Посетительница протянула Леонтию Ивановичу внушительного вида конверт, тот вскрыл его и стал читать письмо. Федя заметил, что по мере чтения он все почтительнее взглядывал на женщину и все ласковее — на мальчика; один раз он даже поднял руку и потрепал его по мягким светло-соломенным волосам.

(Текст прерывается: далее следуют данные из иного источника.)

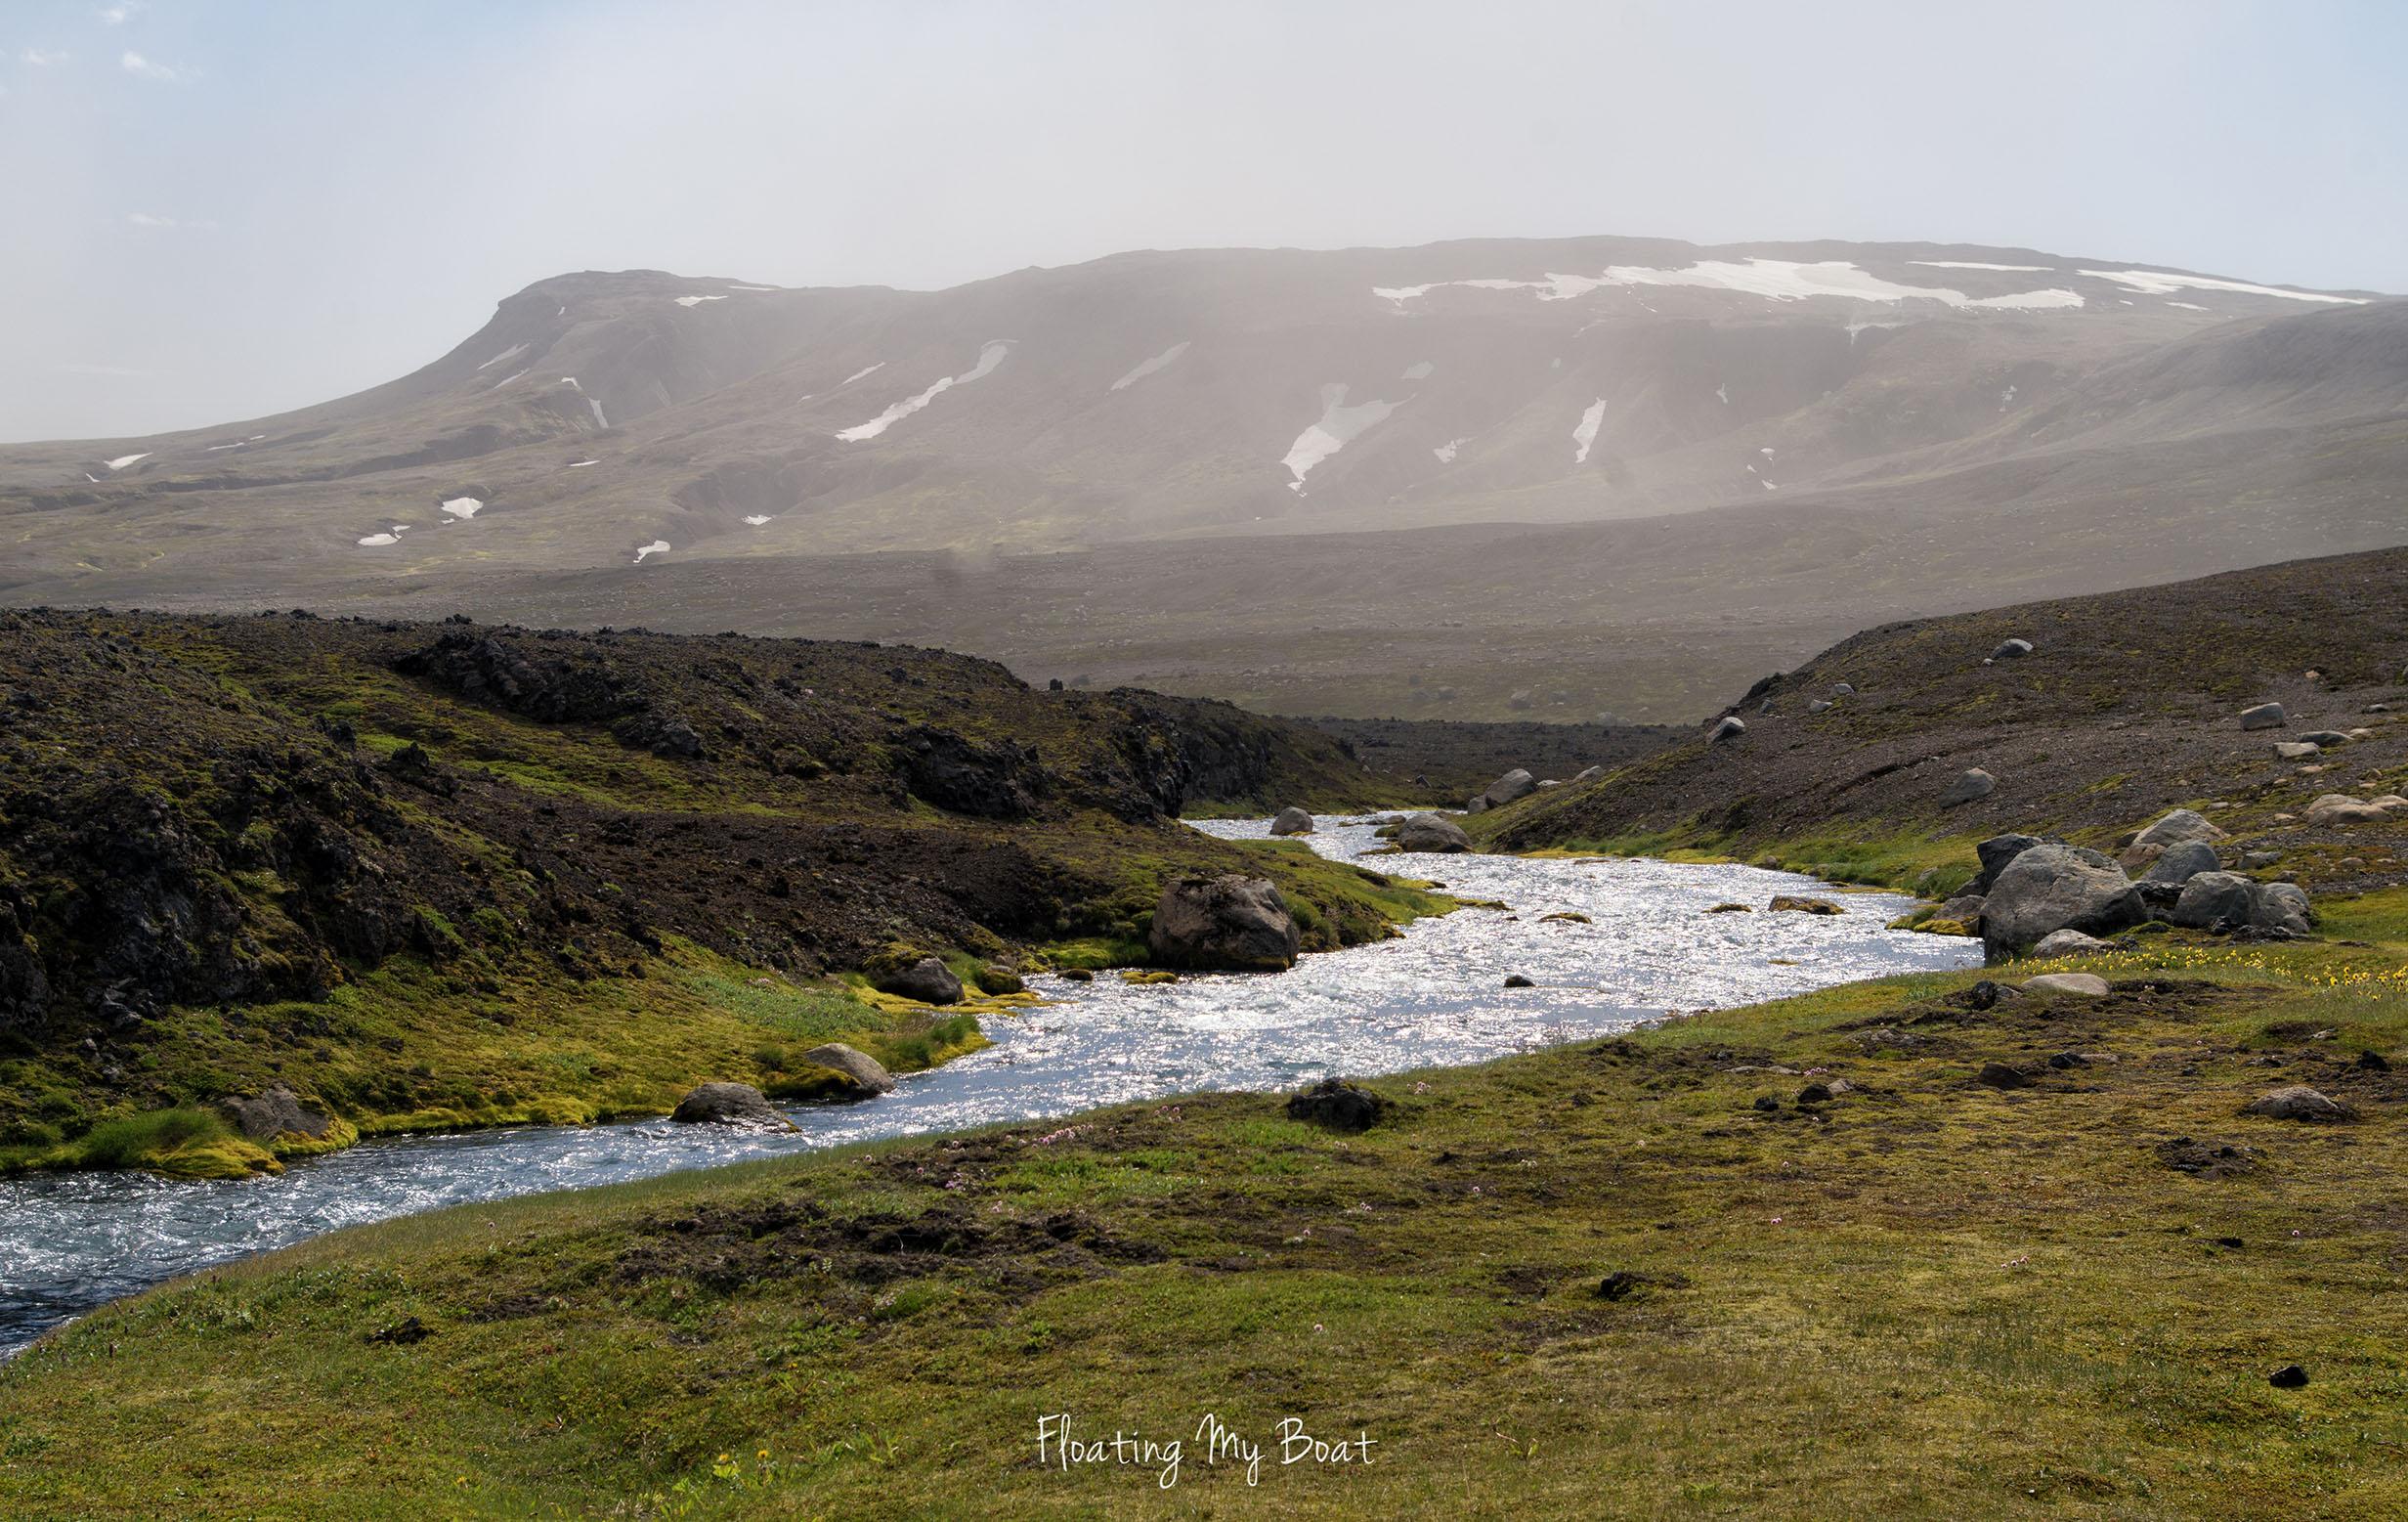 trekking-iceland-vatnajokull-national-park-51

Дичившийся вначале мальчик теперь почувствовал себя свободно. Он смело наклонился к Феде и спросил его, в какой класс он поступает. Федя ответил, что и он и брат надеются поступить во второй; мальчик вздохнул и сказал, что тоже хотел экзаменоваться во второй, и маменька была согласна, но тут пришло письмо от графа, — он так именно и сказал — «графа», ничего не прибавив и не объяснив, — и приходится «начинать сначала», то есть с первого класса. Все это он изложил Феде скороговоркой, но законченными, округлыми, пожалуй, слишком литературными для его возраста фразами и при этом совершенно непосредственно, доверчиво и по-детски смотрел на Федю своими удивительно милыми, словно только что промытыми росой, светло-синими глазами.